(USNewsBreak.com) – With concern about mainstream media bias at an all-time high, it’s becoming increasingly difficult to determine what news sources to trust. Fortunately, a group of California State University librarians developed a system known as CRAAP for determining the reliability of the information. Initially designed for librarians and scholars, the system is straightforward and simple to use.
Its five components are Currency, Relevance, Authority, Accuracy, and Purpose. Each provides some basic questions to ask yourself to help you identify false or unreliable information.
The first thing you want to check out is the timeliness of the information. When was the article published or posted online? Was it updated, and if so, how recently?
Does the news story relate directly to your topic of interest? Is the article consistent with other data or articles you have read? Who is the intended audience for the information?
Who is the author, or what is the source, of the article? Is it a well-respected website, news organization, or educational institution? Is the author(s) or institution an expert in the relevant field? Do they have any credentials, professional affiliations, licenses, or degrees?
Where did the information originate? Is the news story supported by evidence? If it’s a scholarly article, has it been peer-reviewed or supported by any other sources? Do the overall language and tone sound objective, or do they sound opinion-based? Are there any obvious spelling or grammar errors in the piece?

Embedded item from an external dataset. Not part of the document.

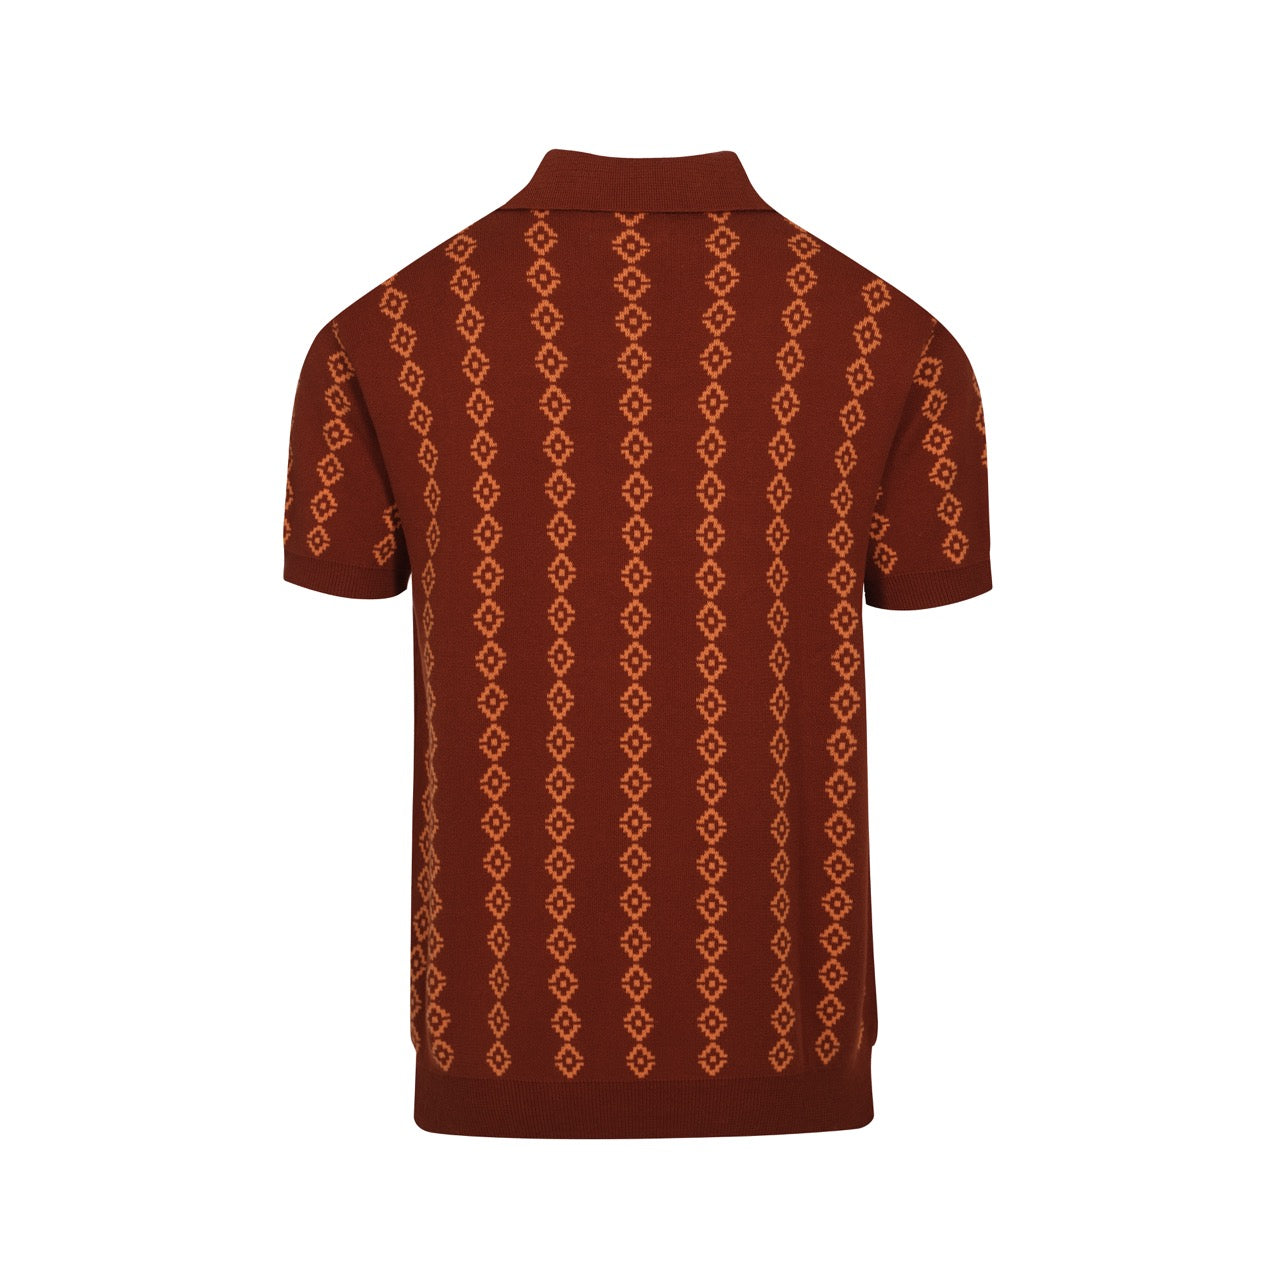 Ανδρικά πλεκτά ρετρό πόλο μπλουζάκια σε στυλ Mod της δεκαετίας του 1960 σε σκούρο καφέ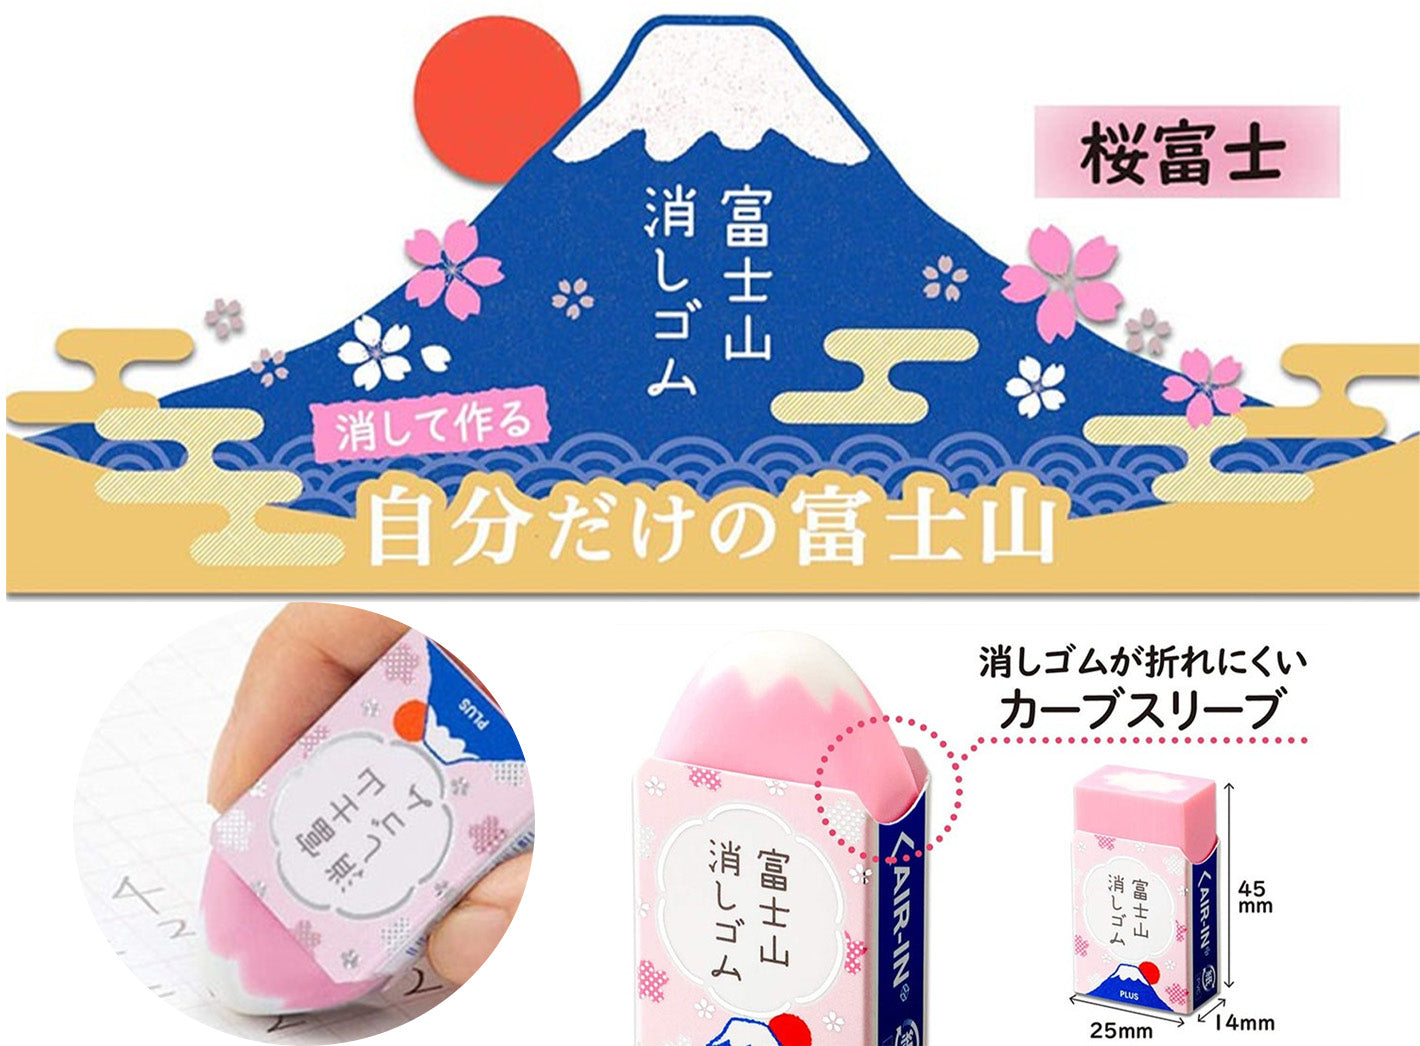 Mount Fuji Eraser (Set of 2)

What is the stated purpose of the article? Is it to entertain, inform, sell something, or persuade you to agree with it? Is it listed as a news article or an op-ed piece? Does it include any cultural, ideological, religious, or personal biases?
Determining the accuracy of news stories might appear daunting at first. However, using the suggestions discussed above should provide a good starting point for filtering out bad information. Additionally, taking your time and applying a little common sense helps too.